◆ WORK TASK ◆
Check every line of the records below for the string "label" and copy the ones that have it.

◆ DATA FOR PROCESSING ◆
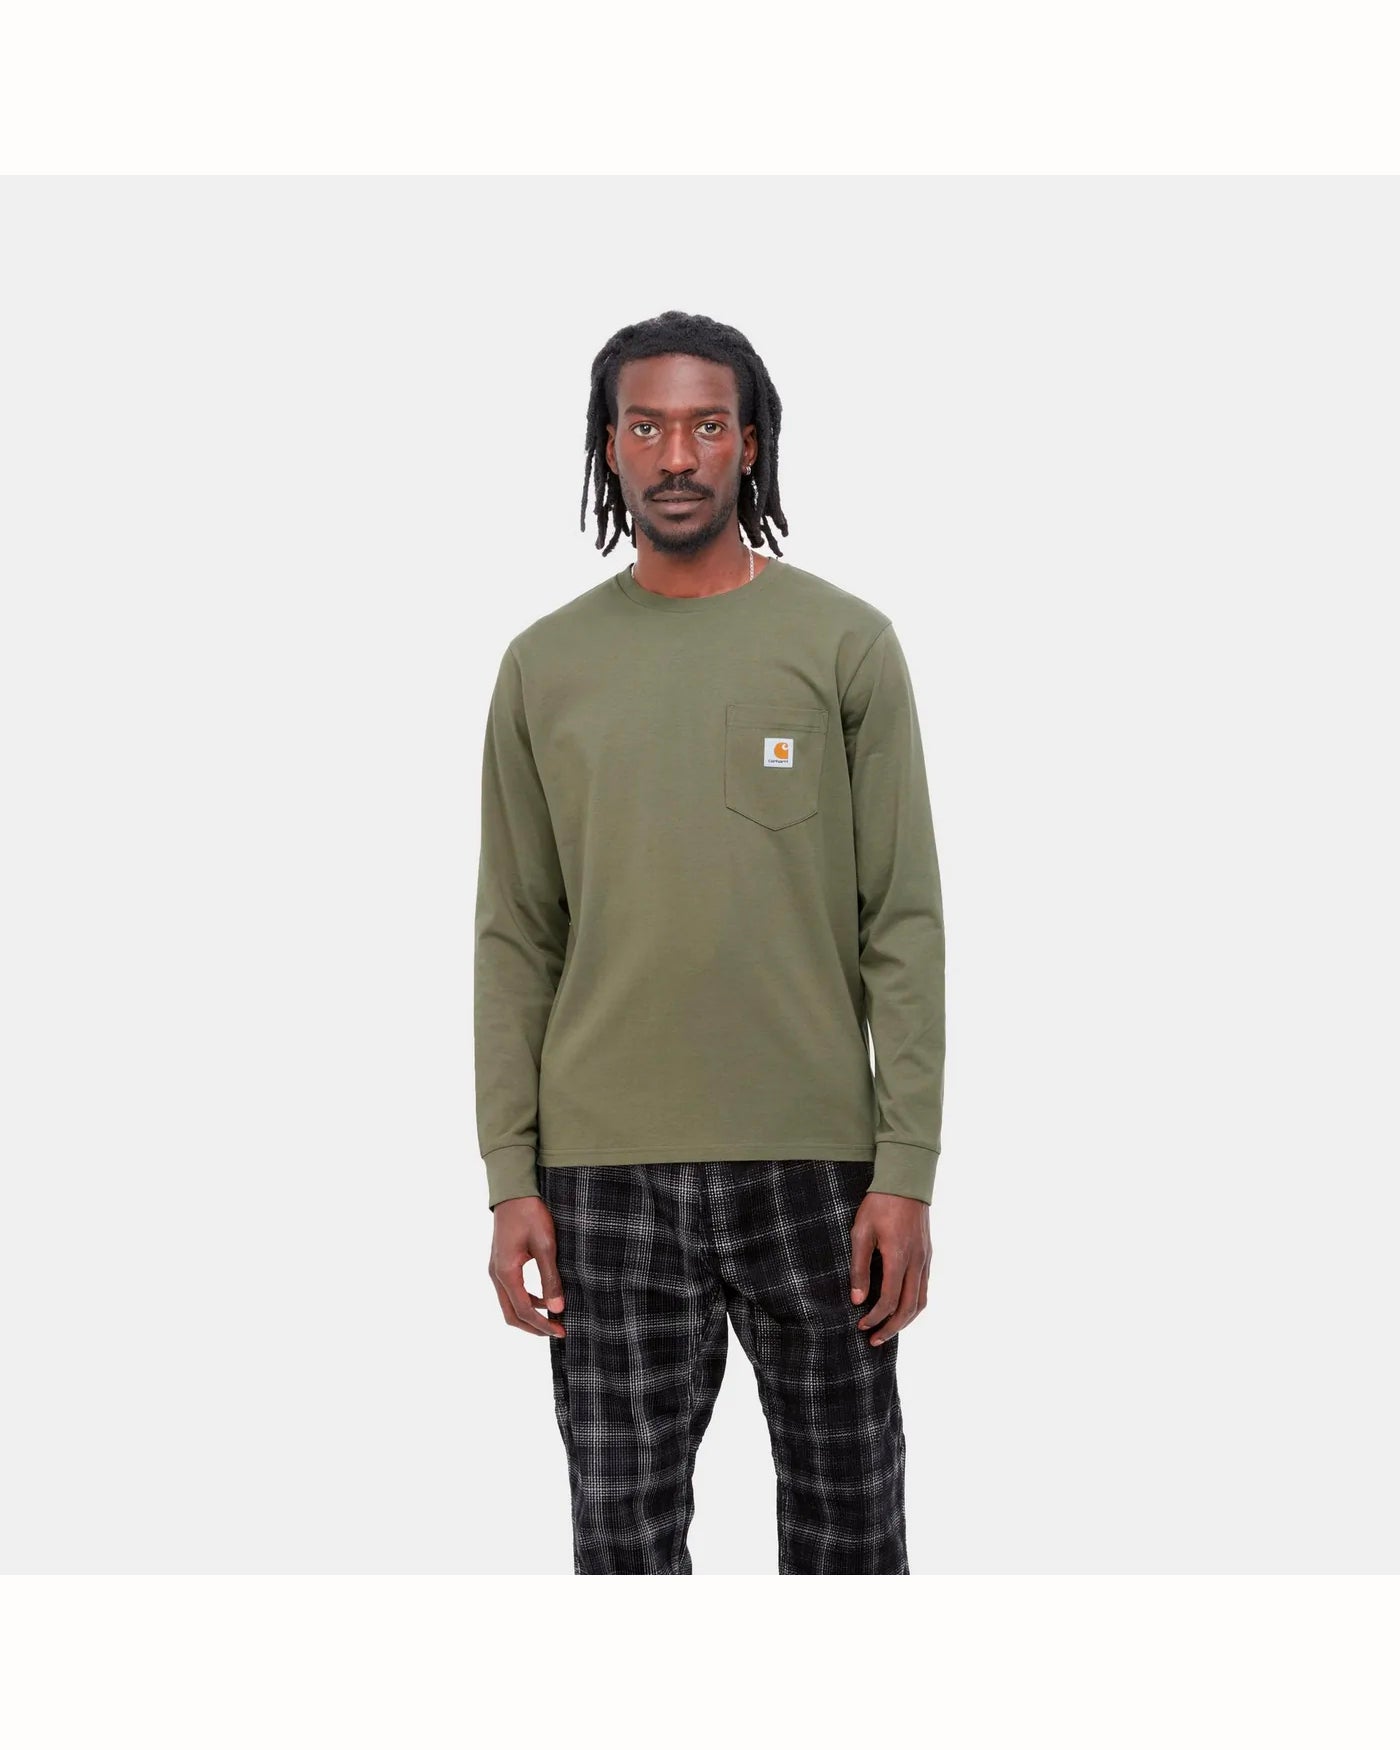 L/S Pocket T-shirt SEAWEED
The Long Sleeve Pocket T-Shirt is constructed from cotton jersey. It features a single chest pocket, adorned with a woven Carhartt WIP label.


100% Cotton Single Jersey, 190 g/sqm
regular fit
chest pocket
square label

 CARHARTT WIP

--

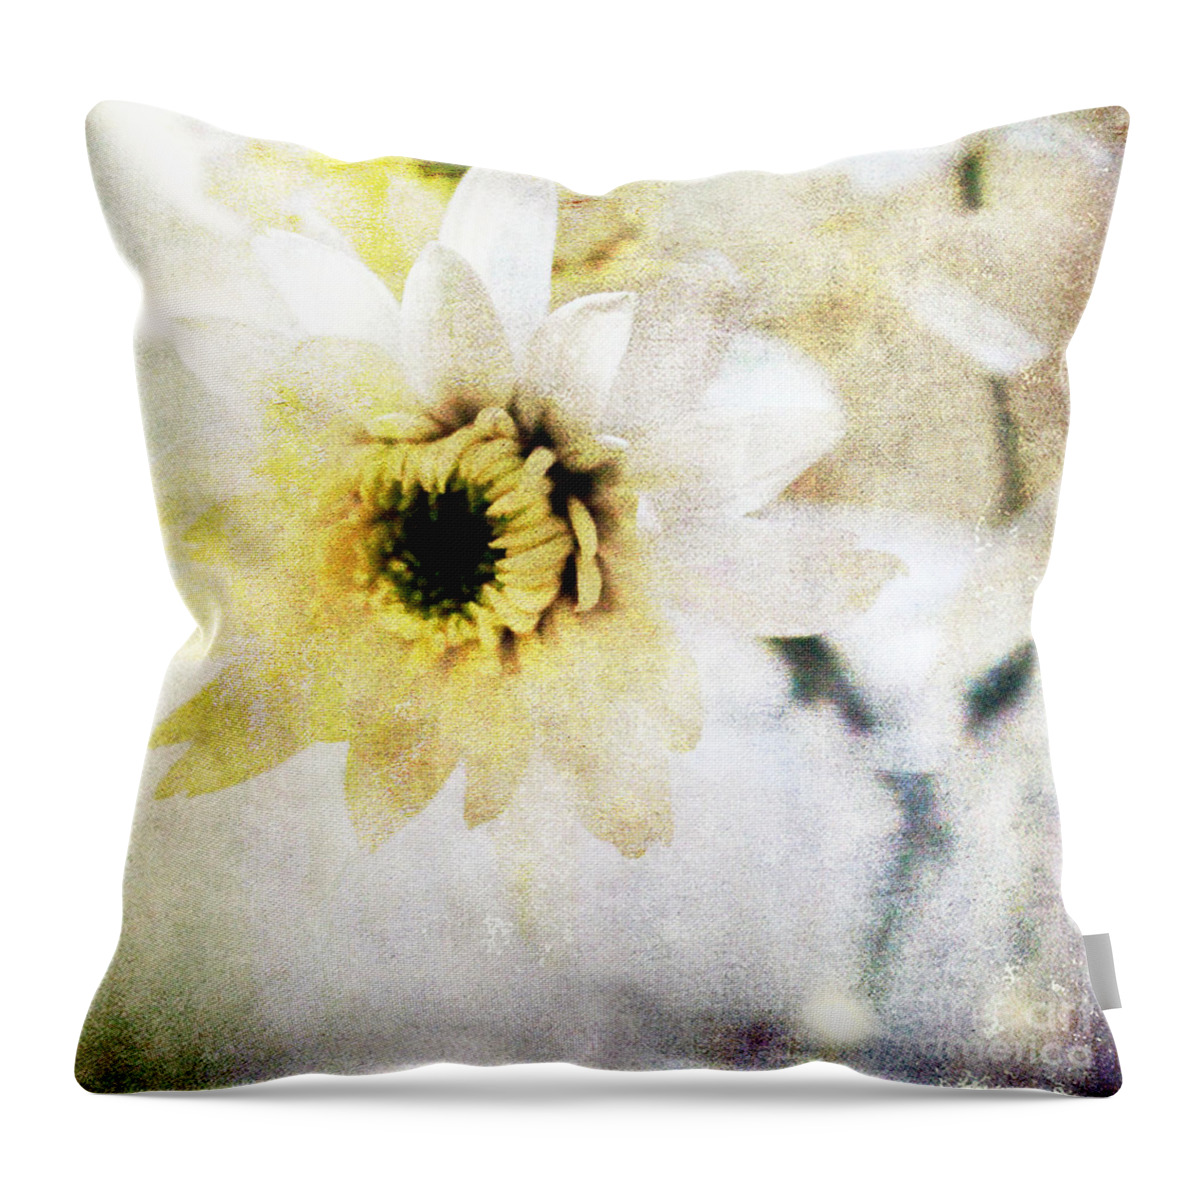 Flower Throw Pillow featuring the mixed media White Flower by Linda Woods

◆ ANSWER TO THIS TASK ◆
The Long Sleeve Pocket T-Shirt is constructed from cotton jersey. It features a single chest pocket, adorned with a woven Carhartt WIP label.
square label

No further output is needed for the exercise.